◆ HOW TO COMPLETE THIS TASK ◆
Retype the lines below exactly, from the one that contains "woman doing stretching" through the last, and leave every picture out.

◆ RECORDED INFORMATION ◆
════════════════════

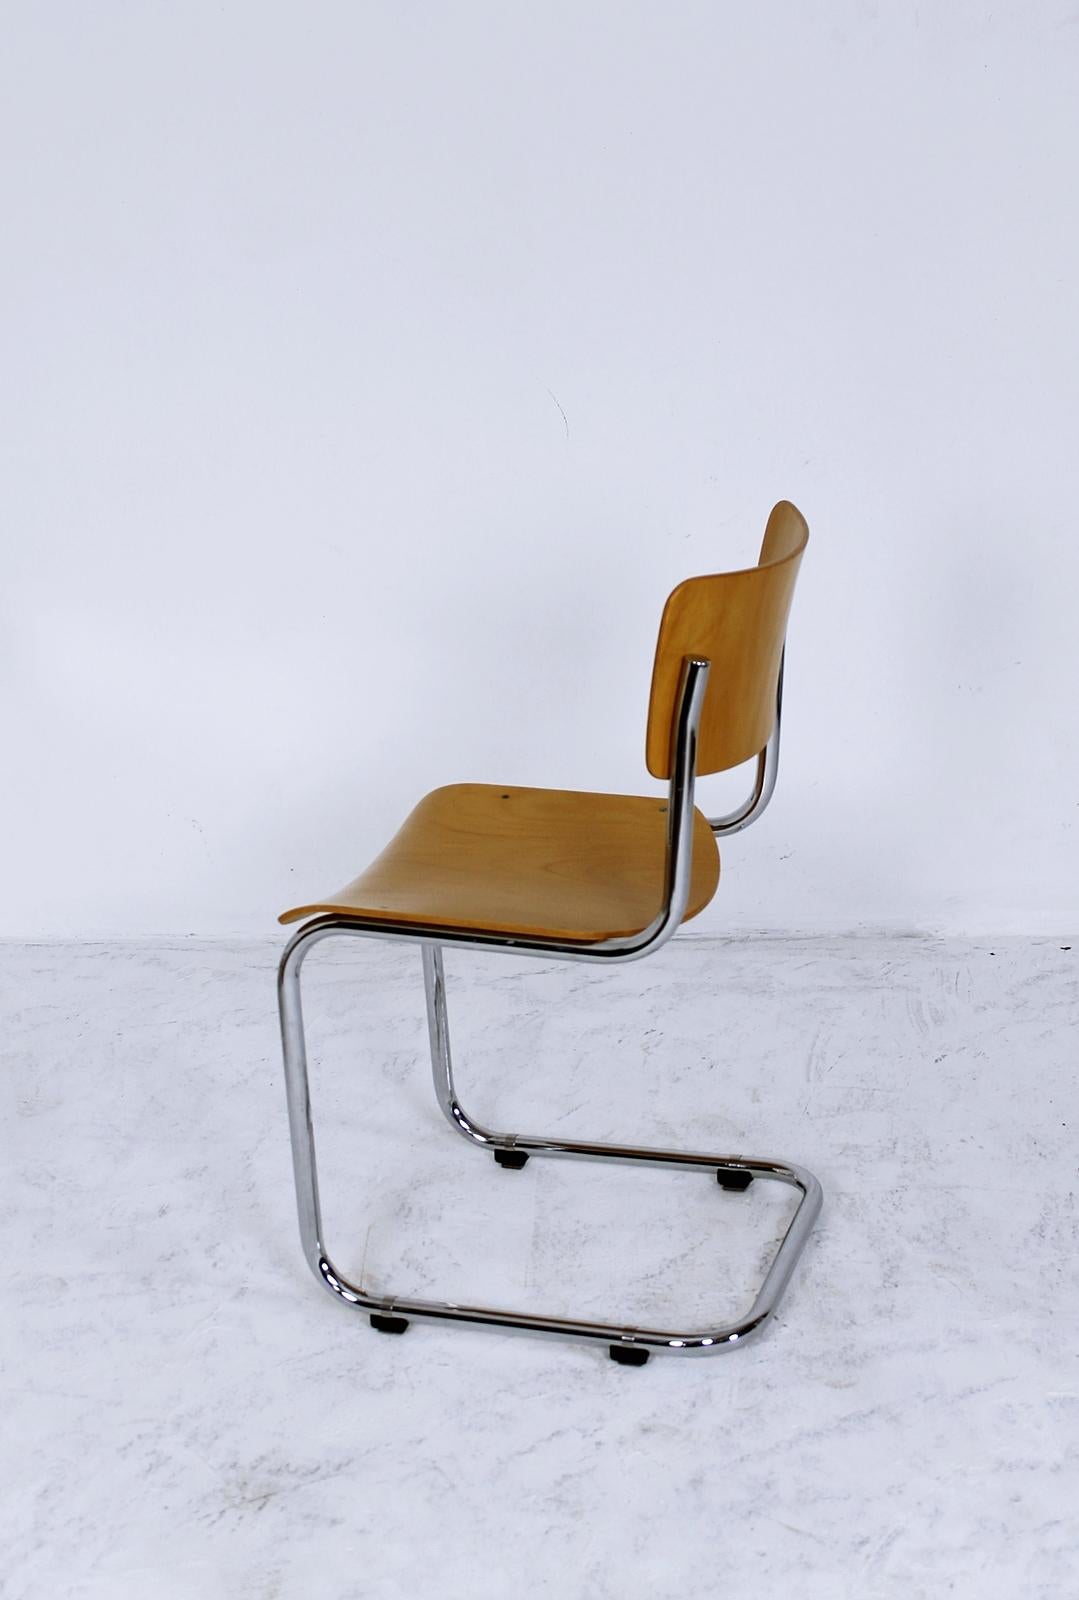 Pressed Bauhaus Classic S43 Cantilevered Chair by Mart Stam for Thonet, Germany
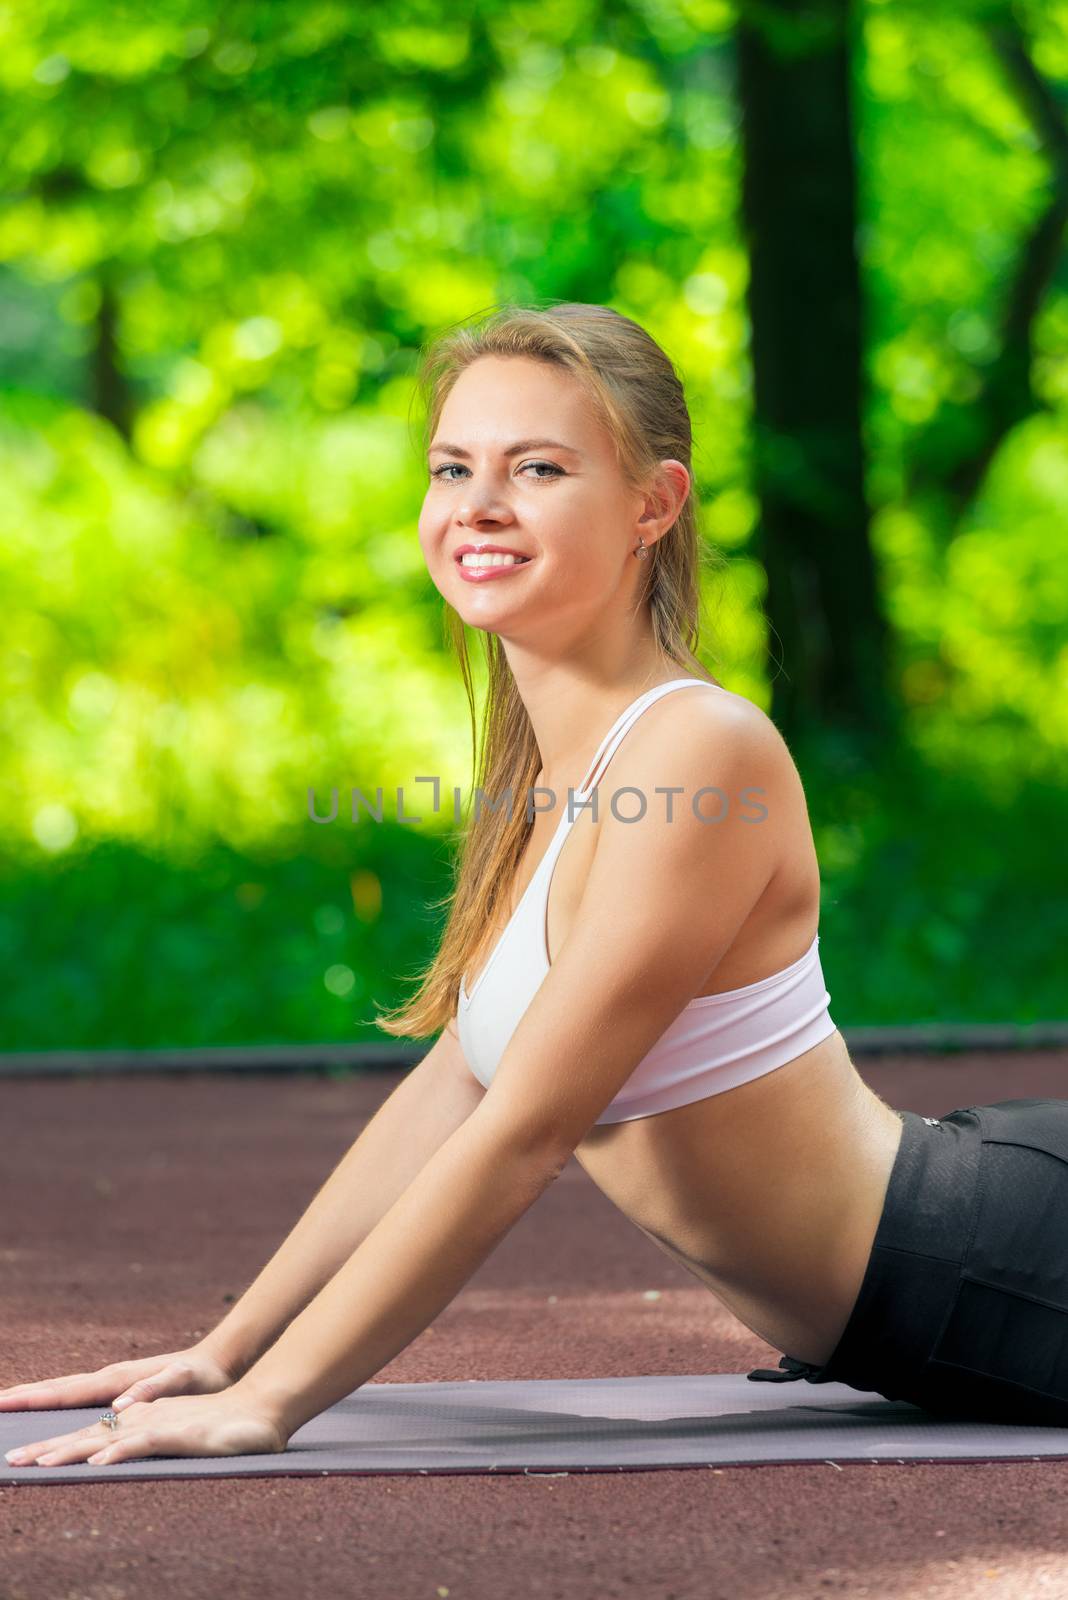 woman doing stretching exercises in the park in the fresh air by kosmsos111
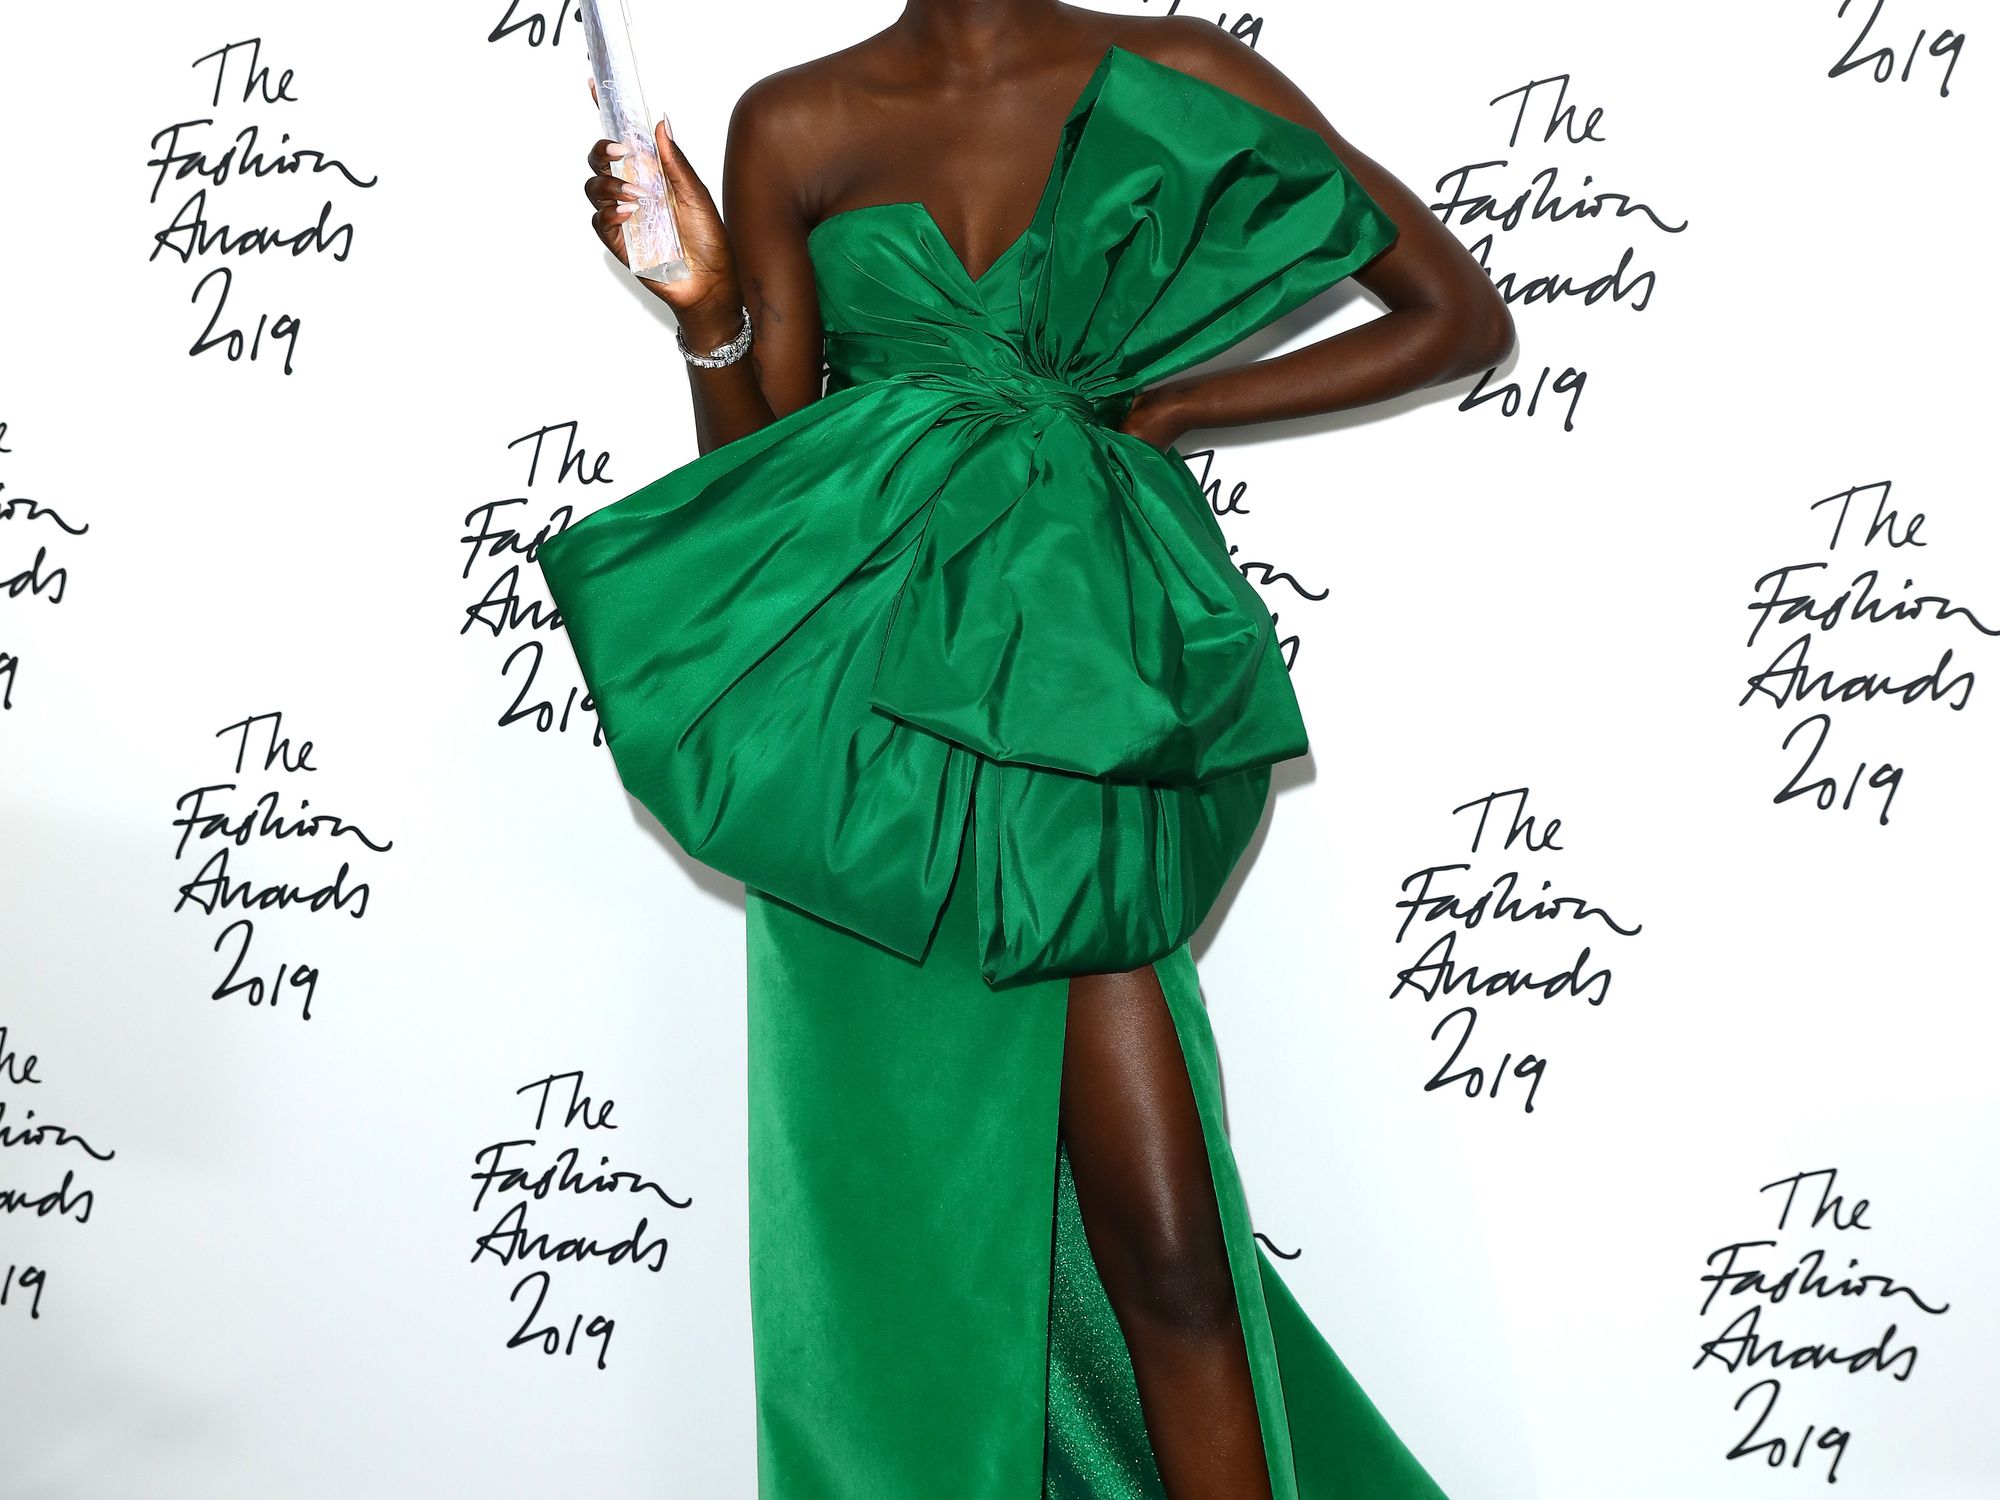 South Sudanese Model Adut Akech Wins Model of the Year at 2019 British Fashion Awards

════════════════════

◆ TASK RESULT ◆
 woman doing stretching exercises in the park in the fresh air by kosmsos111
 South Sudanese Model Adut Akech Wins Model of the Year at 2019 British Fashion Awards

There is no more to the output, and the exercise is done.